Цирковые лошади смирились с хомутами. Скрипели перегруженные телеги. Примолкли уставшие люди. Даже Киндер брел понуро, вывесив розовый язык и не обращая внимания на кошку, которую несла в корзинке какая-то худенькая девочка.

Брели по шоссе уже второй день. Ели всухомятку, никто не догадался прихватить посуду, в которой можно было бы варить пищу.

Тягостную историю с арестом Гертруды не то чтобы забыли, а не вспоминали. И от тоскливо-напряженных взглядов Павла и Петра уклонялись, чувствовали себя неловко, словно сами были в чем-то виноваты.

А братья примолкли, не откликались на шутку, не бегали вперегонки с Киндером: повзрослели в одночасье, раздавленные горем.

Флич не пытался их расшевелить. Он понимал, как им плохо, трудно сейчас. Какими они, должно быть, чувствуют себя одинокими, потерянными! Но был убежден, что время и возраст возьмут свое. Ведь они, в сущности, еще дети! А дети не грустят долго. Детское горе горько, да не глубоко. А время - великий лекарь.

Флич шел по обочине, возле скрипящей телеги, изредка поглядывал на молчаливых братьев и на ходу гонял на ладошке монету. По привычке.
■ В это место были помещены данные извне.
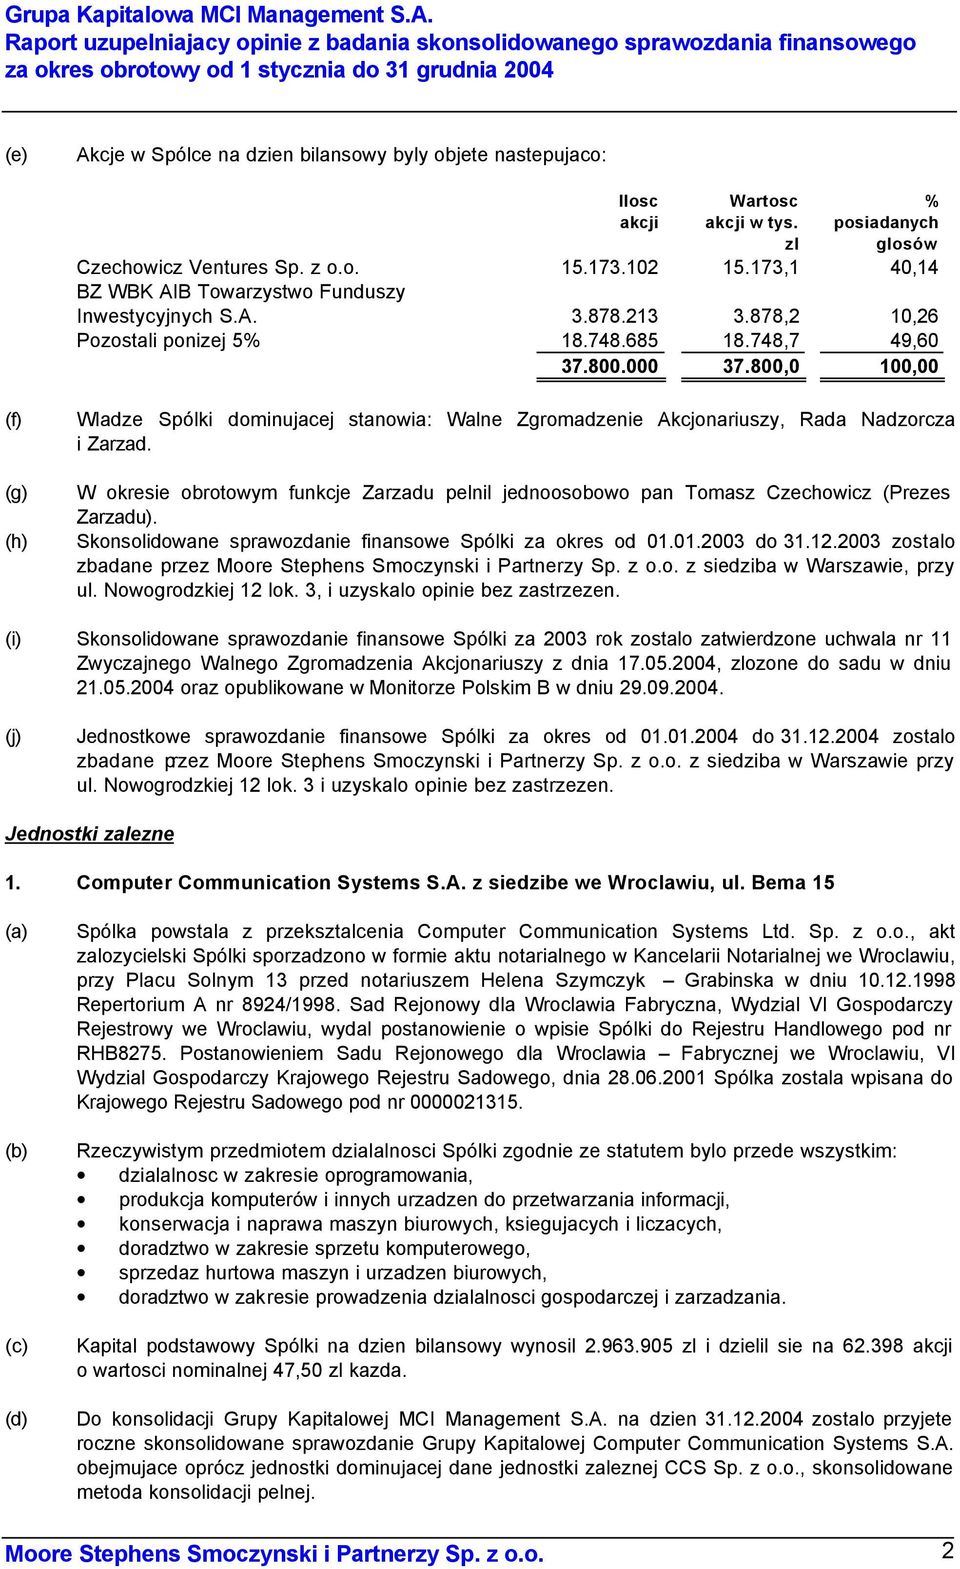 akcji Wartosc akcji w tys. zl % posiadanych glosów Czechowicz Ventures Sp. z o.o. 15.173.102 15.173,1 40,14 BZ WBK AIB Towarzystwo Funduszy Inwestycyjnych S.A. 3.878.213 3.

Вечером свернули в лес. Распрягли лошадей, напоили в ручье и пустили пастись. Присматривать за ними Григорий Евсеевич назначил двух "дежурных конюхов". Он поддерживал во всем строгий порядок. Что ж с того, что цирк встал на колеса. Он - директор и за все в ответе!

Ночью жара спадала, но было тепло. Спали под соснами, на земле, подстелив плащи, пальто, пиджаки - кто что. Только Флич, у которого частенько побаливала поясница, ломал для постели лапник. Братья помогали ему.

А утром, когда Григорий Евсеевич растолкал спящих, оказалось, что ни Петра, ни Павла нет на месте. Их кричали, звали. Никто не откликался. Не было и Киндера.

А когда стали запрягать лошадей, Флич обнаружил прикрепленную к его чемодану написанную химическим карандашом на клочке газеты записку:

ДорогойФлич!

Мы уходим обратно, выручать маму. 

 Иначе нельзя. 

П. и П.

– Что там? - спросил подошедший Григорий Евсеевич.

Расстроенный Флич отдал ему записку. Григорий Евсеевич прочел и только вздохнул.

– Я догоню их. Они ж пропадут одни! - воскликнул Флич с отчаянием.

– Не догонишь, Яков. Может, они еще вчера вечером ушли.

– Все равно, Гриша. Я должен… Понимаешь? Я обещал Гертруде.

Григорий Евсеевич снова вздохнул горестно.

– Ну что ж, Яков…

– А вещи пусть едут, - сказал Флич. - Я - налегке.

Он крепко пожал руку Григорию Евсеевичу и пошел к шоссе. А оставшиеся смотрели ему вслед, пока он не скрылся за рыжими стволами сосен, начинавшими по-дневному раскаляться.

Часть вторая. ВЕЛИКИЕ ВОЖДИ.

Кураж pic_5.jpg
1

Пехотный полк Зайцева вышел к реке возле Гронска. Арьергард - рота стрелков и батарея "сорокапяток" - прикрывал отход.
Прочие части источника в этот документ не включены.